This talk is based on a book project entitled Confucian Law (under contract with Oxford University Press) which seeks to provide a comparative study of Confucian law and its legacy in four East Asian jurisdictions, namely China, Korea, Japan, and Vietnam. The book conceptualizes Confucian law as legal rules and institutions underpinned by Confucian moral principles. It explores (1) Confucian moral principles foundational to East Asian traditional law; (2) dynastic legal rules and institutions embodying these principles in five areas namely constitutional law, administrative law, criminal law, family law, and international law; (3) Confucian legal legacy in these areas of East Asian modern law. Integrating comparative law with Confucian philosophy, this book seeks to demonstrate that Confucian law is an important part of traditional East Asian law, and its legacy remains strong in modern East Asian law.

Speaker Bio

Ngoc Son Bui is Professor of Asian Laws at the Faculty of Law, University of Oxford, and a Fellow of St Hugh's College, Oxford. He is a graduate of Vietnam National University-Hanoi (LLB; LLM) and The University of Hong Kong (PhD). He was previously an Assistant Professor at The Chinese University of Hong Kong Faculty of Law, and a research fellow at the Centre for Asian Legal Studies of the National University of Singapore Faculty of Law.
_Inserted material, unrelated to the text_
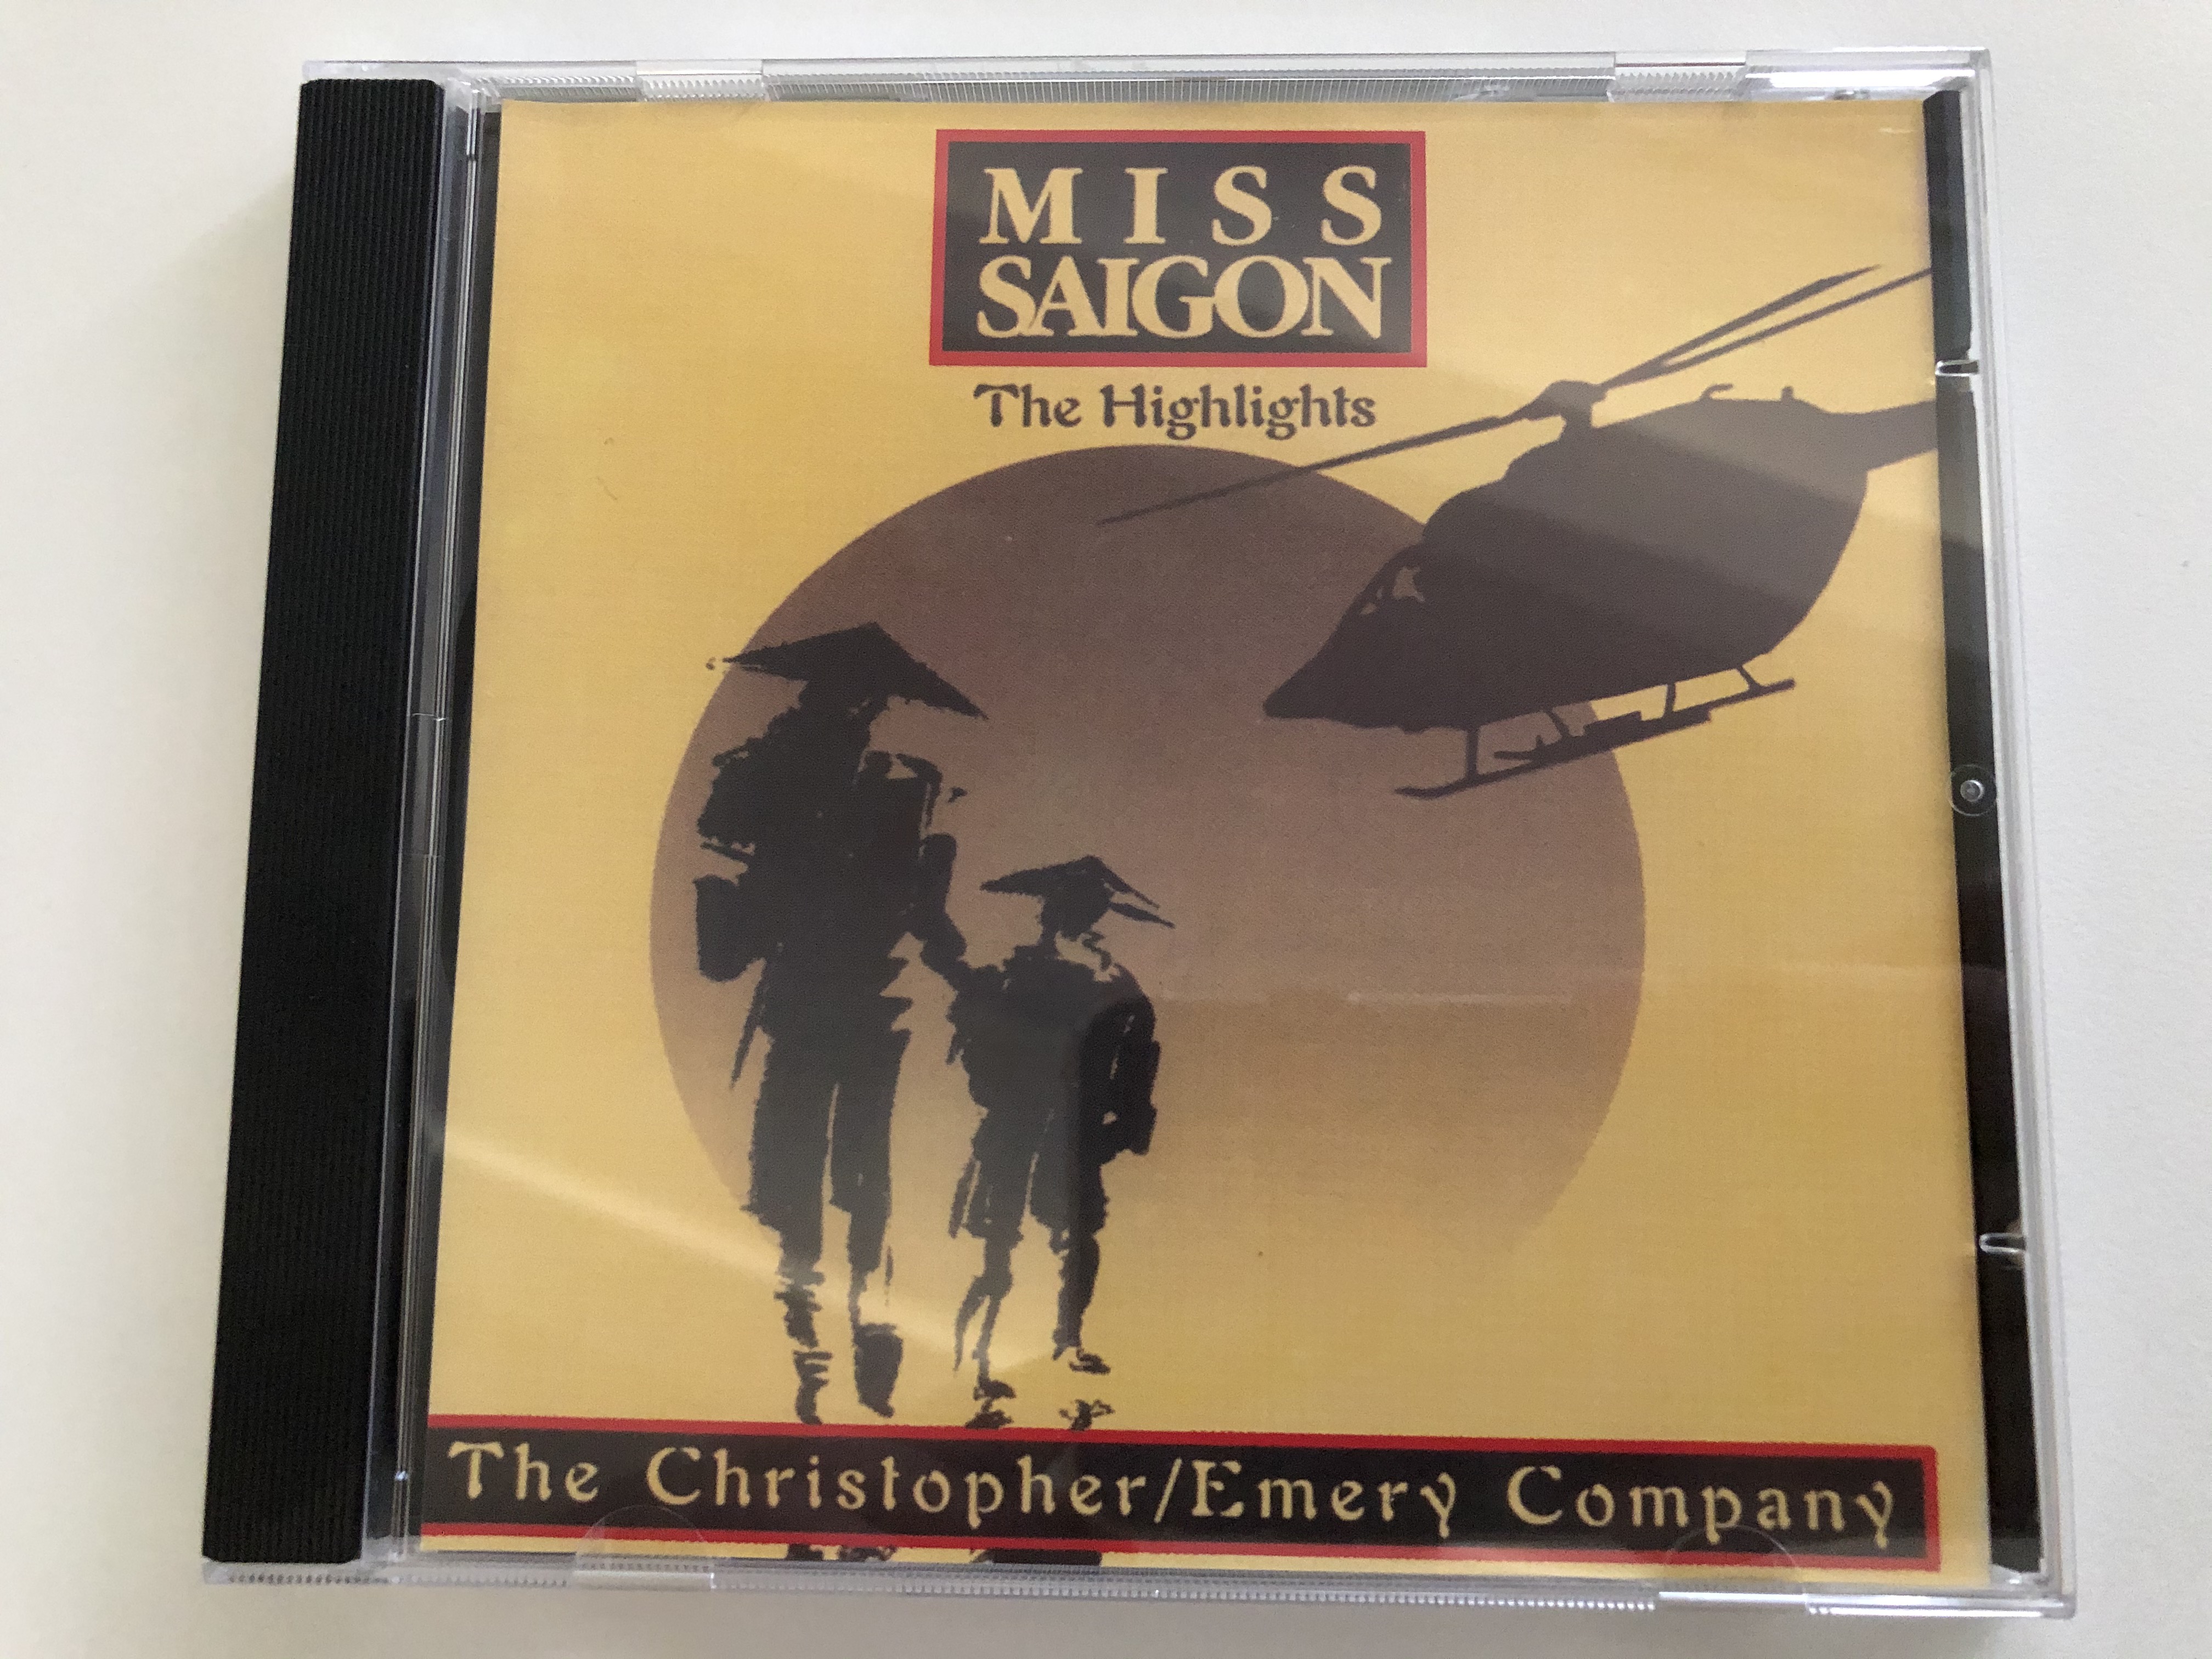 miss-saigon-the-highlights-the-christopheremery-company-euro-trend-audio-cd-stereo-cd-157-1-.jpg

He has also held visiting positions at Chulalongkorn, Harvard, Melbourne, Nagoya, SMU, Thammasat, and Tsinghua Law Schools. 
He works on comparative & constitutional law in Asia with a focus on the socialist and Confucian culture-influenced jurisdictions. He is the author of Legal Reform in the Contemporary Socialist World (Oxford University Press 2024), Constitutional Change in the Contemporary Socialist World (Oxford University Press 2020), and Confucian Constitutionalism in East Asia (Routledge 2016). He is writing a new book, Confucian Law, for Oxford University Press. He is co-editing four volumes on Asian Comparative Constitutional Law for Hart Publishing. He serves in the editorial board of the Asian Journal of Comparative Law and in the advisory board of the Indian Law Review.

Chaired by:

Dr. Ge Chen, Associate Professor, Durham Law School

Attendance:

This event will be held in hybrid format.
You are warmly invited to join us in person in the Hogan Lovells Lecture Theatre, Palatine Centre (PCL048).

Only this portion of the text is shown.